XSL and the semantic web

David Brownell david-b at pacbell.net
Wed Jun 16 18:20:14 BST 1999

"Simon St.Laurent" wrote:
> At 06:28 AM 6/16/99 -0400, Paul Prescod wrote:
> >In other words I always interpreted it as being about choice. You complain
> >that XSL allows this choice. Even if it were the case that XSL uniquely
> >allowed data dumbing (which it is not), I could not see how its allowance
> >of this choice would constitute a problem or flaw. Data dumbing is part of
> >the economy and ecology of the Web. As Guy Murphy has described, the Web
> >is richer for it. Do we want Lexis-Nexis to take their thousands of
> >databases back to their private network where they controlled the level of
> >semantics tightly?
> I'm afraid we'll have to accept the value of this 'choice' as a fundamental
> disagreement.  I feel strongly that by encouraging this choice, and by
> providing a vocabulary that is even more formatting-oriented than HTML, XSL
> encourages a greater level of server-side dumbing down than was available
> before, and makes it easier.  I can't see this as a positive move in any
> light,

I can, quite easily.  I give examples below.

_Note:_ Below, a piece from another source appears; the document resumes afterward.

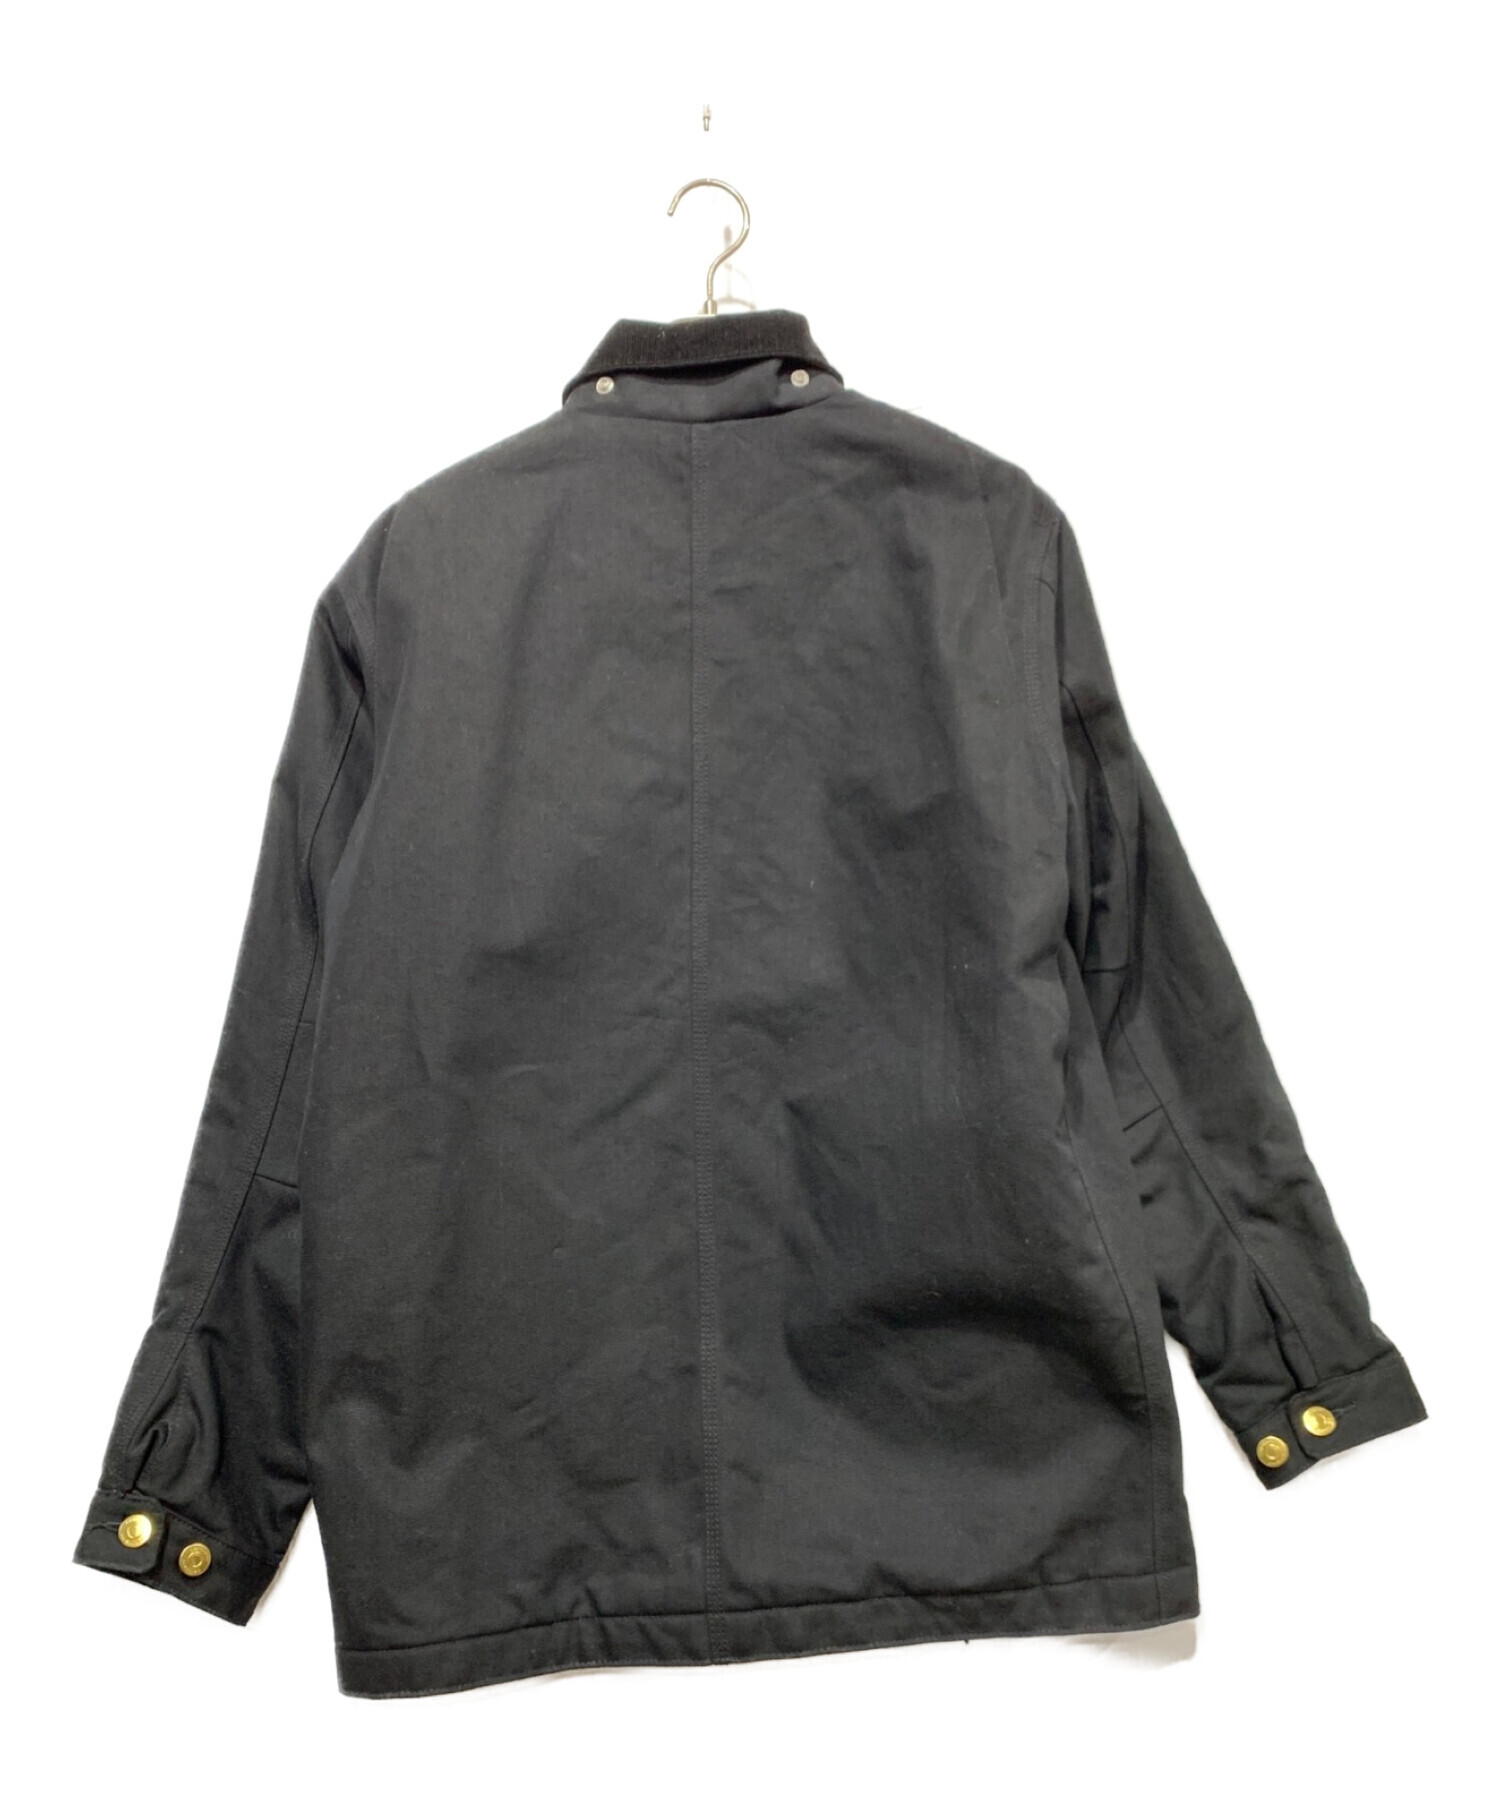 CarHartt (カーハート) ダックジャケット ブラック サイズ:Mサイズ

And one more:  you appear to be assuming that the client actually
has enough horsepower and information to do the transformation (or
for the FO side of the argument, formatting) ... those are known
to be false assumptions in many cases.  A PDA with a typical speed
IR link (not measured in megabits), slow CPU, and small fixed size
storage just doesn't have that kind of resources.  For many set-top
boxes, ditto.

>	and no, I don't see the 'semantic firewall' as a positive thing for
> the Web.

Hmm ... do you see them as issues in other contexts?  Information
is transformed routinely, every day.  Frankly, I don't want to to be
getting a complete history of everyone's life every time I deal with
them; I'm happier to work with the current context (far smaller!).
That sort of time/history based "semantic firewall" is very useful,
for all that it's subject to abuse by all parties.

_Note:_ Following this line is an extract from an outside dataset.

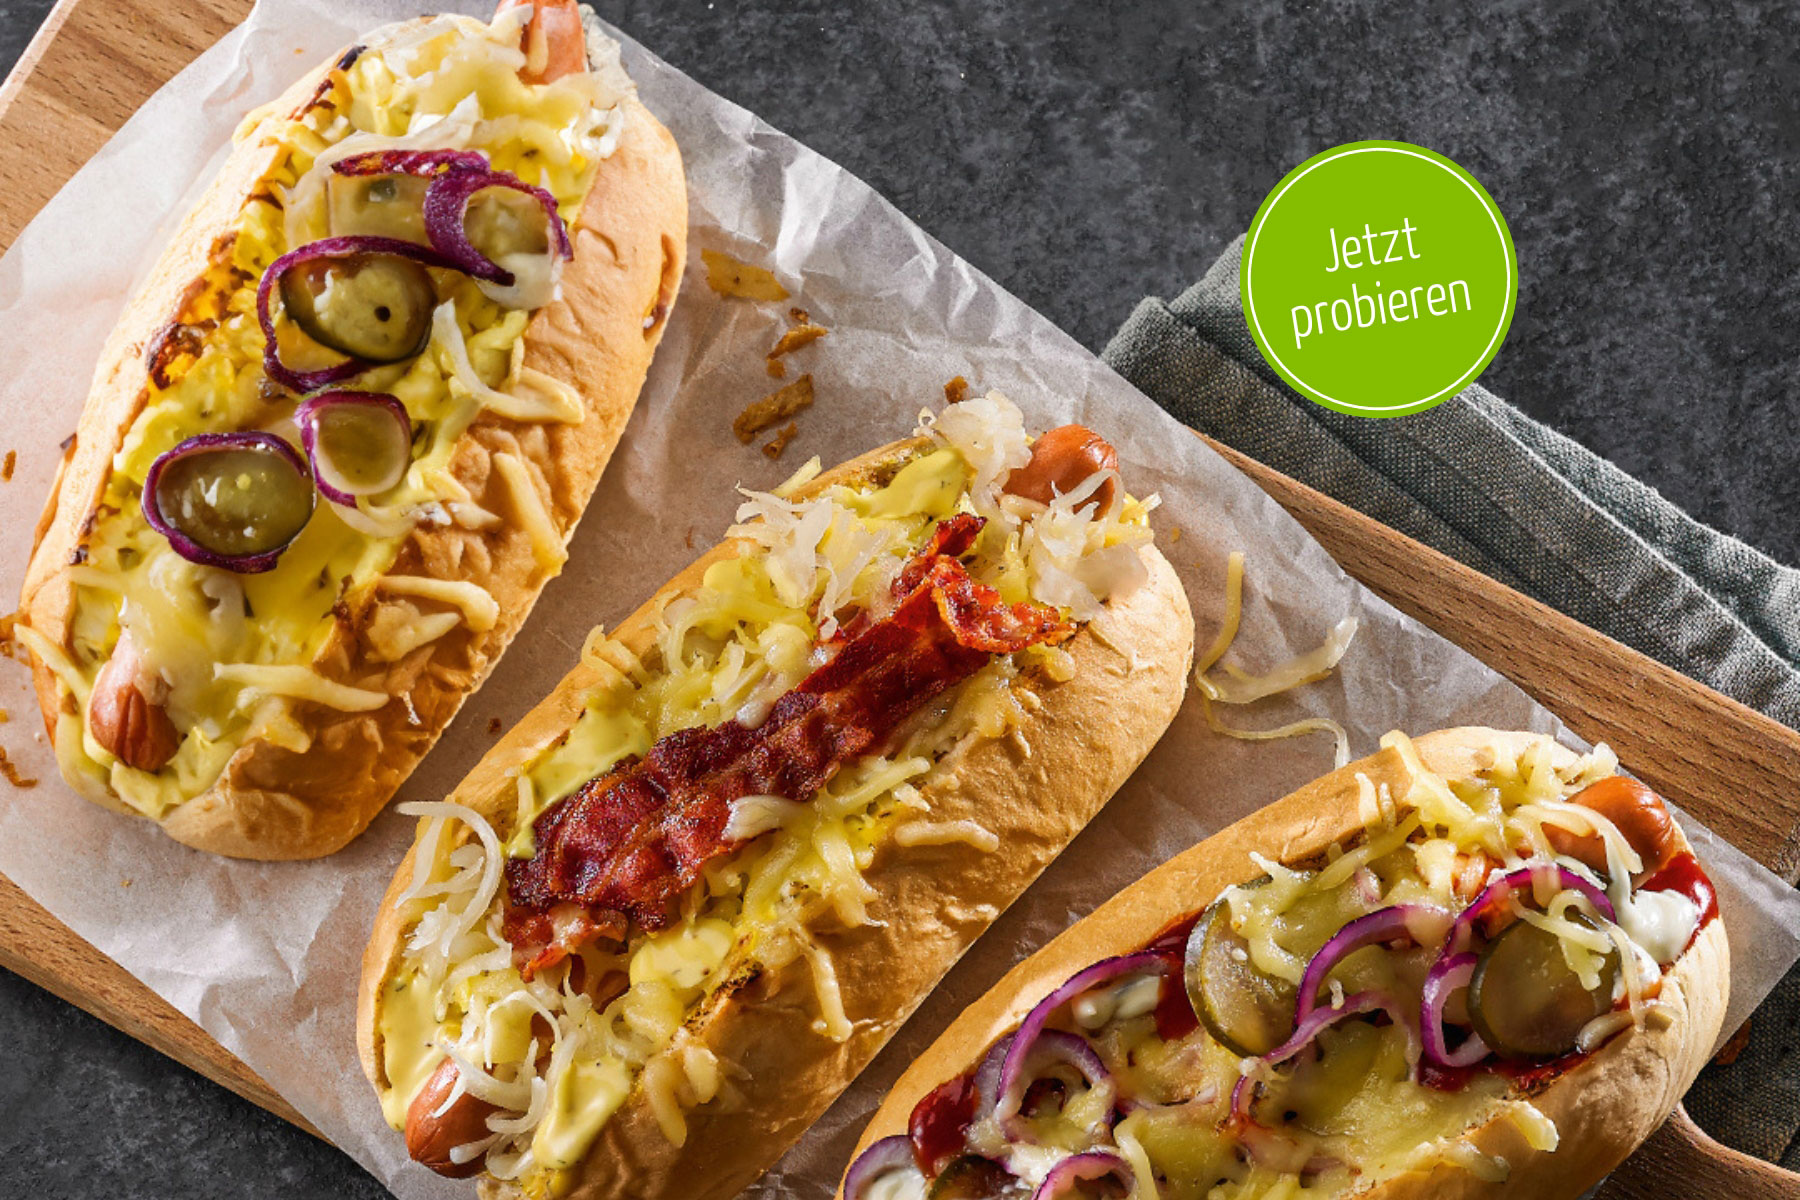 HEISSHUNGER?: Gönn dir unsere Hot Dogs – erhältlich in den Varianten Classic oder Bacon.

There are others; if I browse a product description, rarely will I
want complete technical specs, and if I do then I'll ask for them.
I may want my technical books at a different level than someone else.

Those are examples of transformations reducing the information
that's presented.  There are other transformations that can increase
it; perhaps I want to look at a particular seller's history on an
auction system before I buy from them, and not otherwise.

If the semantic content is a "web" then anything short of looking at
the whole web at once (yeah, right!) is looking through a "firewall".